The operation is not “comparable to the mass surveillance of the general population”, she wrote.

The EIO Directive provided additional safeguards, which require member states to ensure that legal remedies are available, and that suspects should be able to challenge the proportionality assessment made by the public prosecutor when issuing the EIO.

Should Germany have obtained a court order?

Ćapeta said it was also a matter for German law whether prosecutors should have asked a German court to issue an EIO to obtain the French data, rather than issue an EIO through a public prosecutor.

A court order would only have been required if German law also required a court order in a comparable domestic case, for example, the transfer of evidence from one prosecution case to another prosecution case. “That does not seem to have been the case under German law,” she wrote.

“In the present case, all the steps taken in order to gather data via the EncroChat server in France were authorised by the competent French courts. I therefore see no reason why a German public prosecutor would not be able to issue an EIO for the transfer of that evidence,” Ćapeta wrote.

Admissibility of EncroChat evidence is a matter for national courts

The advocate general said EU law does not yet govern whether evidence is admissible in criminal procedures, in effect referring the matter back to German and other national courts to decide.

“The question of whether evidence obtained in breach of domestic or EU law is admissible is governed by laws of the member states,” Ćapeta found.
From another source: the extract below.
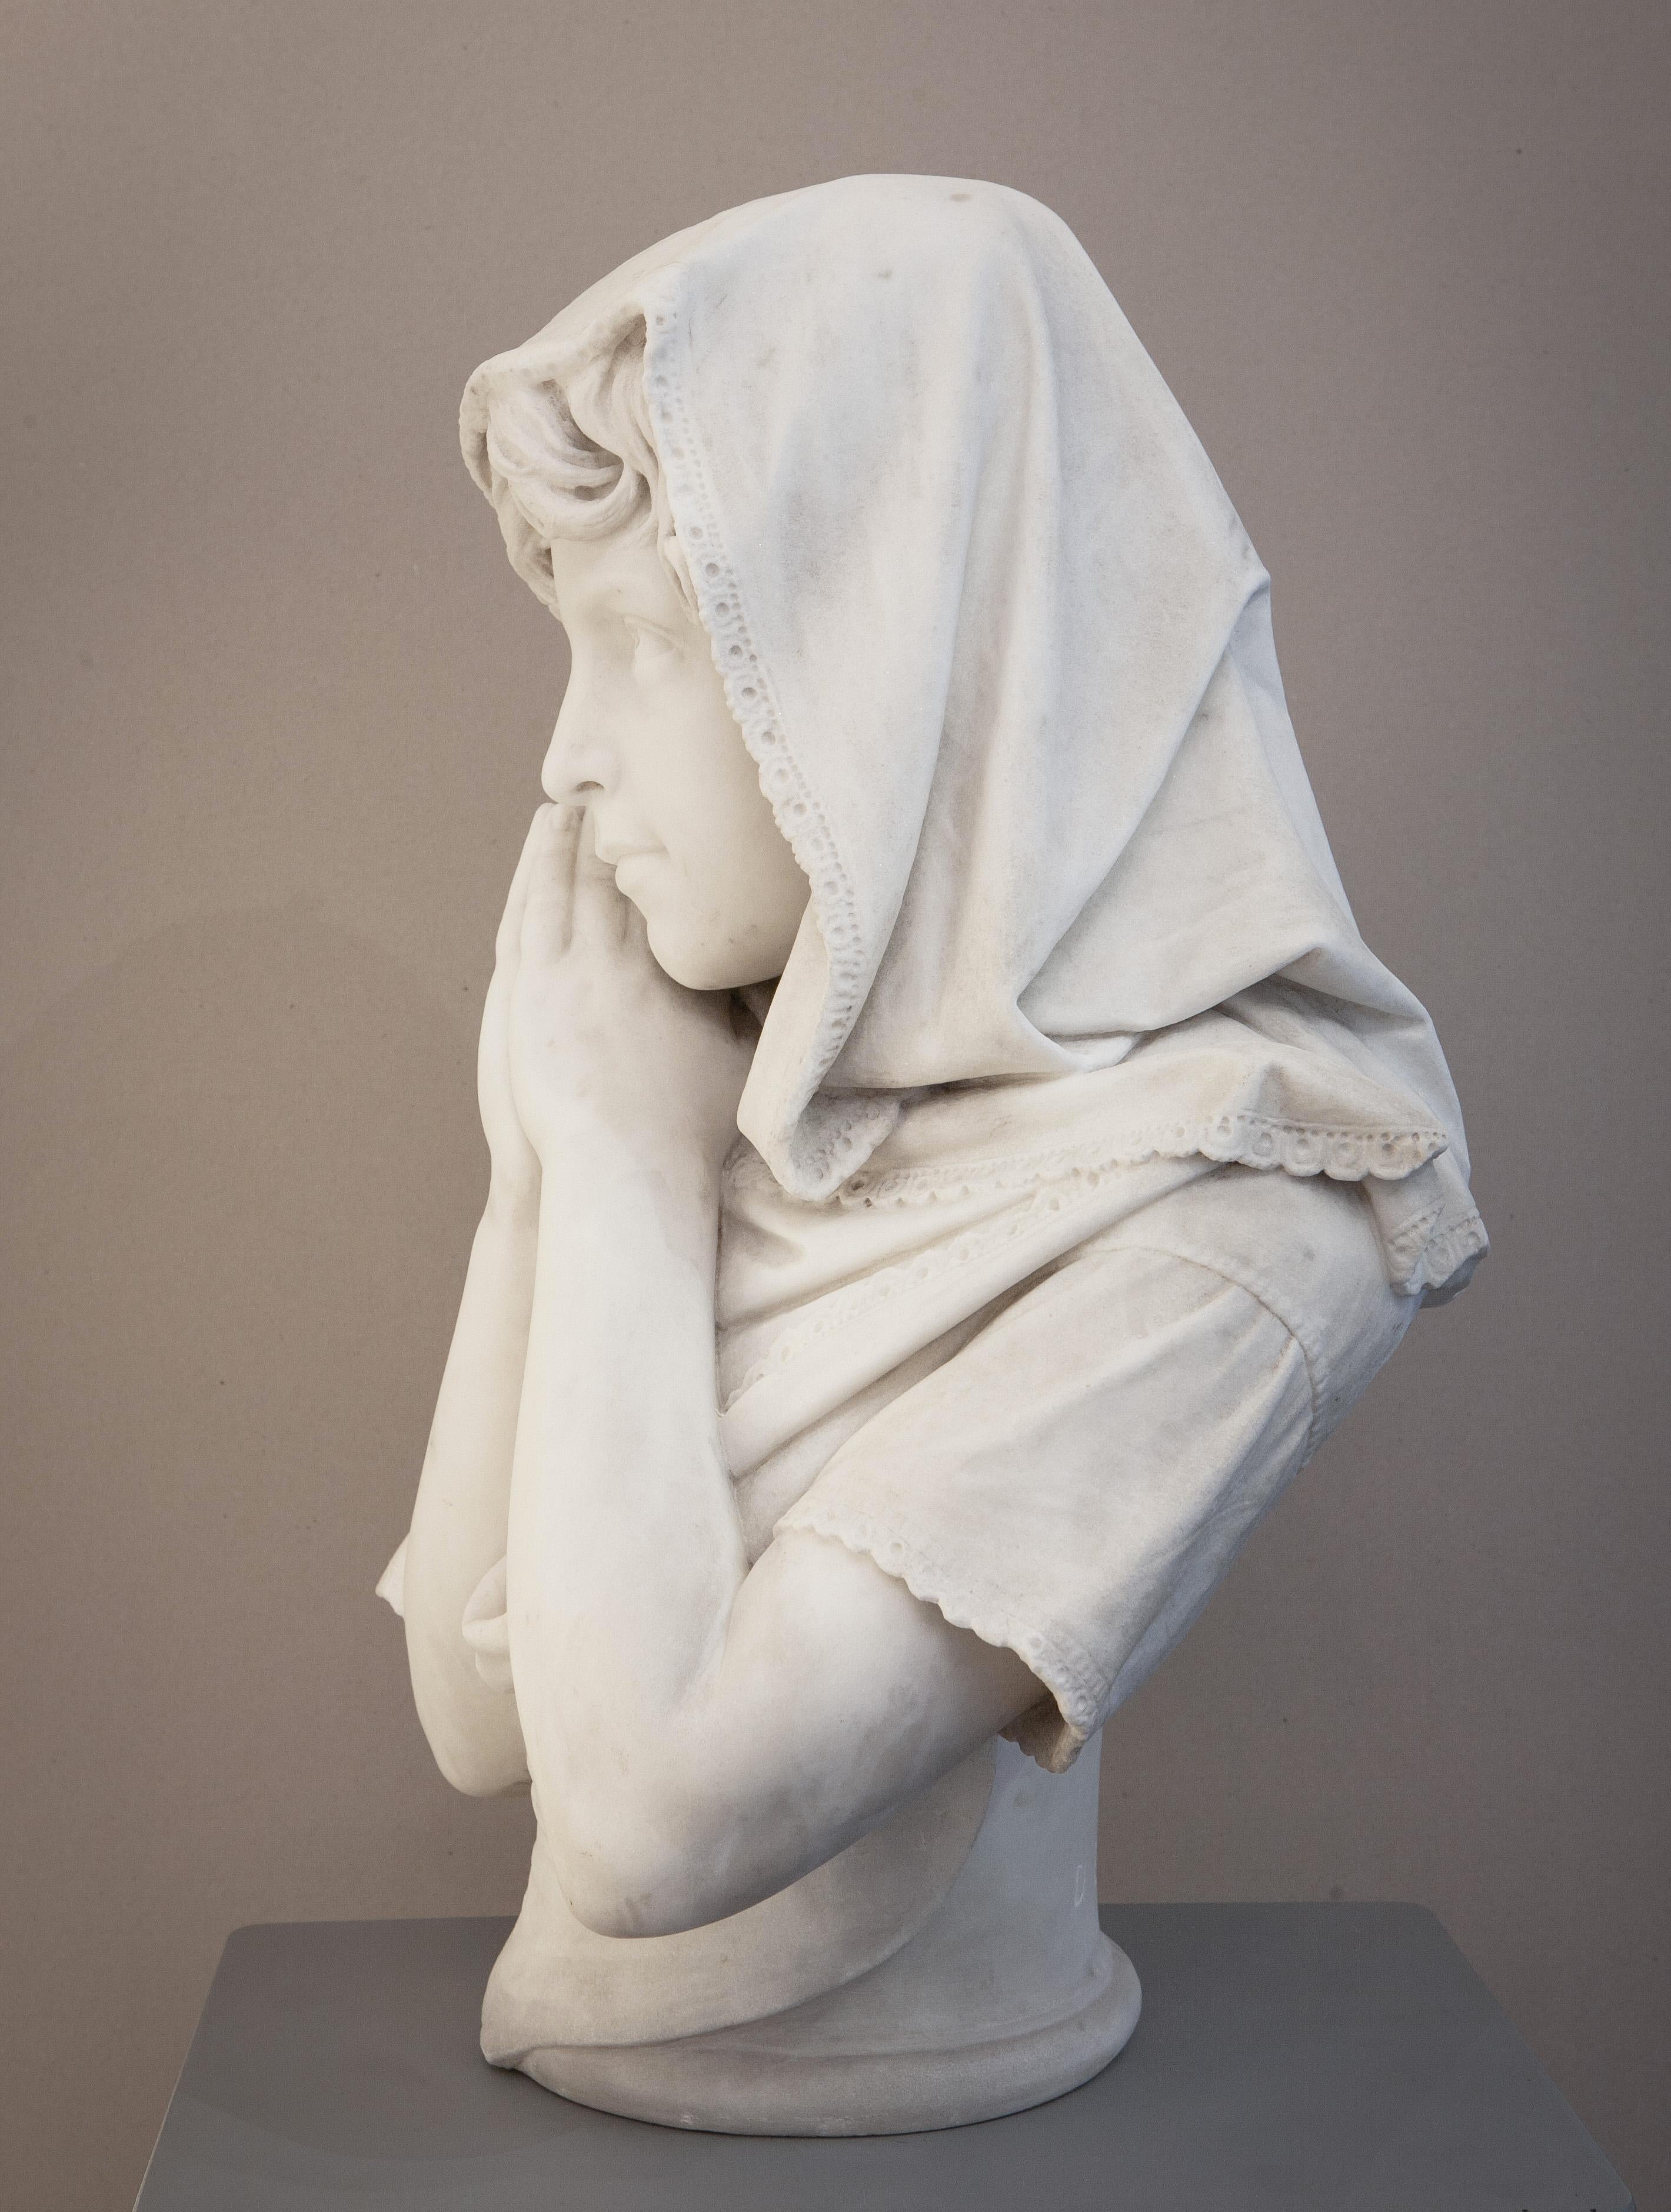 Little girl with clasped hands - Gray Figurative Sculpture by Donato Barcaglia (1849 – 1930)

However, admissibility of evidence must comply with Article 47 of the European Charter of Fundamental Rights, which guarantees the right to a fair trial, and Article 48, which requires that defendants are presumed innocent and have the right to a legal defence.
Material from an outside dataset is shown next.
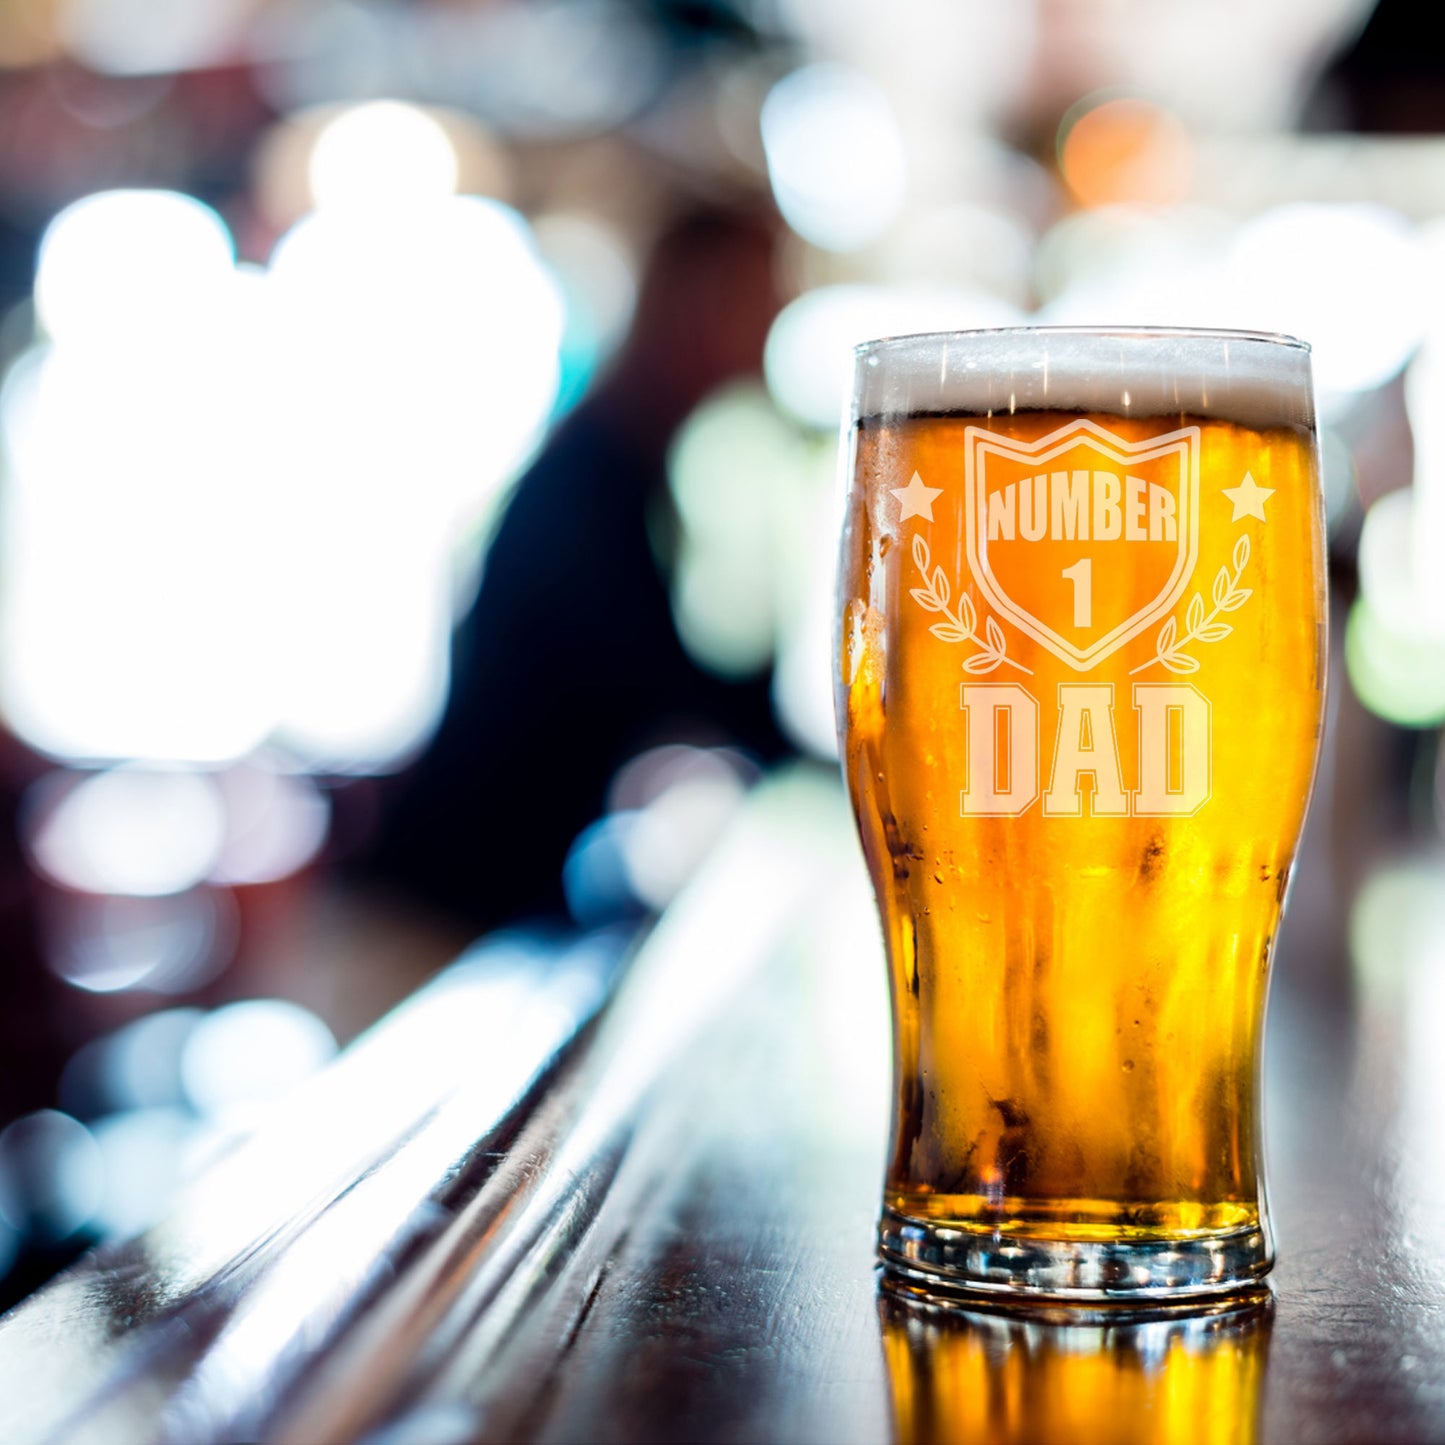 Number 1 Dad Engraved Beer Pint Glass  - Always Looking Good -

Germany’s Federal Criminal Police Office, the BKA, began investigating EncroChat encrypted phones after discovering that organised criminals were using the phones in 2018.
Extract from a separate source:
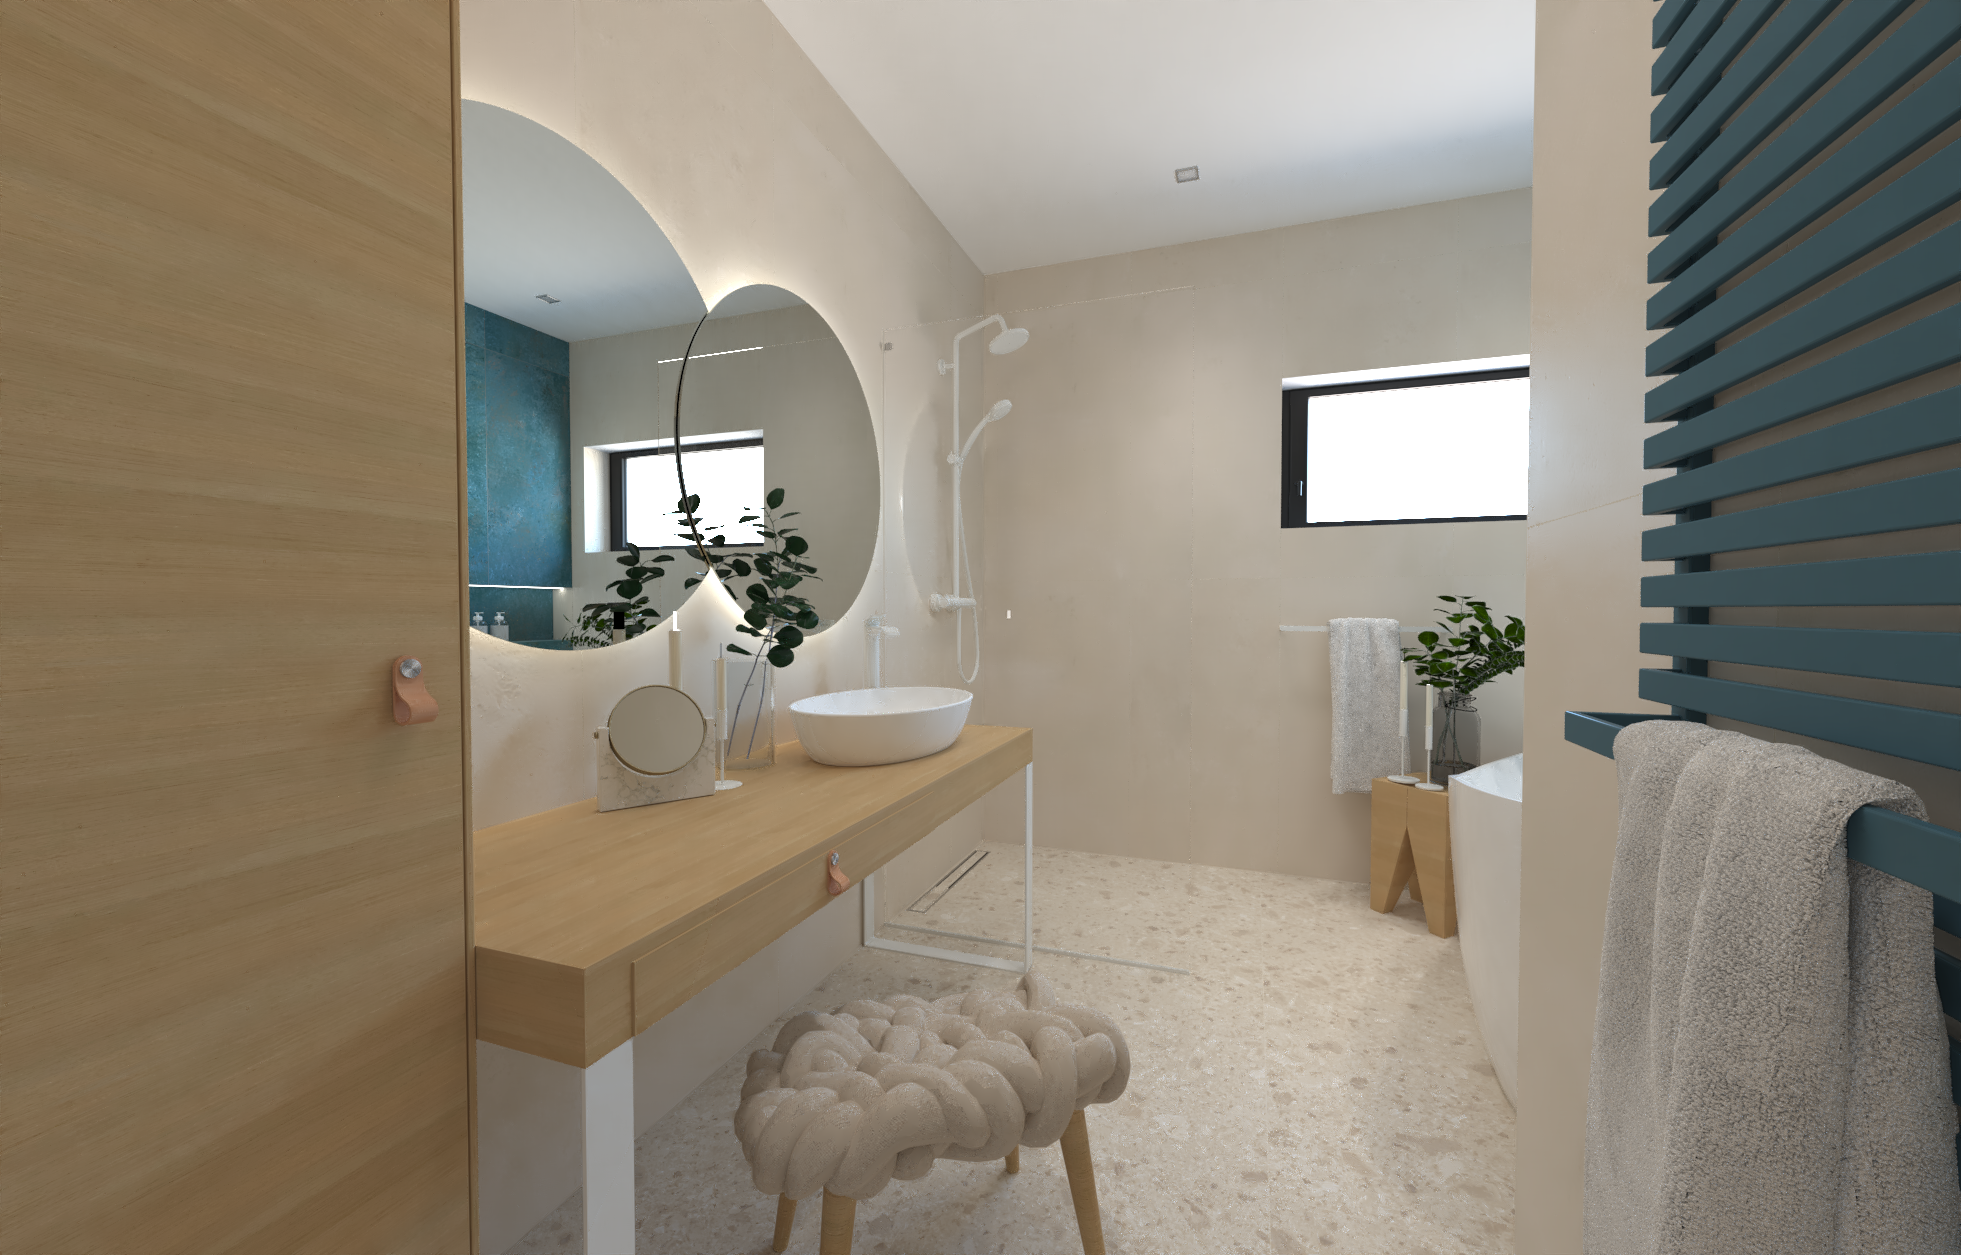 Návrh svěží koupelny s tyrkysovým akcentem – obklady v imitaci betonu, kamene i kovu, volně stojící vana a designové doplňky 1

The BKA argued that the use of an EncroChat phone was grounds for suspicion of criminal activity, because its encryption capabilities, coupled with its high cost – €1,000 to €2,000 for a six-month contract – meant it was unlikely to be used for legal purposes.

EncroChat users in 122 countries, including 4,600 users in Germany, were impacted by the French interception operation.

Germany’s constitutional court disclosed in a ruling in September that, with five constitutional complaints over EncroChat waiting to be heard, it was as yet unclear whether evidence from EncroChat could be lawfully used to bring prosecutions in Germany.

The impact of the ECJ’s final ruling on hundreds of prosecutions underway in the UK is uncertain because the UK is no longer under the jurisdiction of the ECJ following Brexit.

Summary of questions to the European Court of Justice

Main questions

  • Must an European Investigation Order (EIO) be issued by a judge to obtain evidence if the taking of evidence in a similar domestic case should have been ordered by a judge?
  • What effect would it have if the telecommunications interception carried out extended to all handsets in the territory, and there are no concrete indications that serious criminal offences have been committed by an individual user, in particular if the integrity of the data cannot be verified due to extensive secrecy?
  • To what extent is a data skimming measure from terminal equipment of an internet-based communications service surveillance of telecommunications traffic within the meaning of the EIO Directive, and what information obligations exist for which institutions, if the measure could only be ordered by a judge under national law?

Further questions

  • What is the effect if the measure underlying the data collection would have been inadmissible in a comparable domestic case?
  • If evidence is obtained by an EIO that is contrary to EU law, does a ban on the use of evidence result immediately or to what extent is such a consideration to be taken into account in the context of a balancing decision, especially if the seriousness of the crime is justified by the evaluation of the evidence obtained?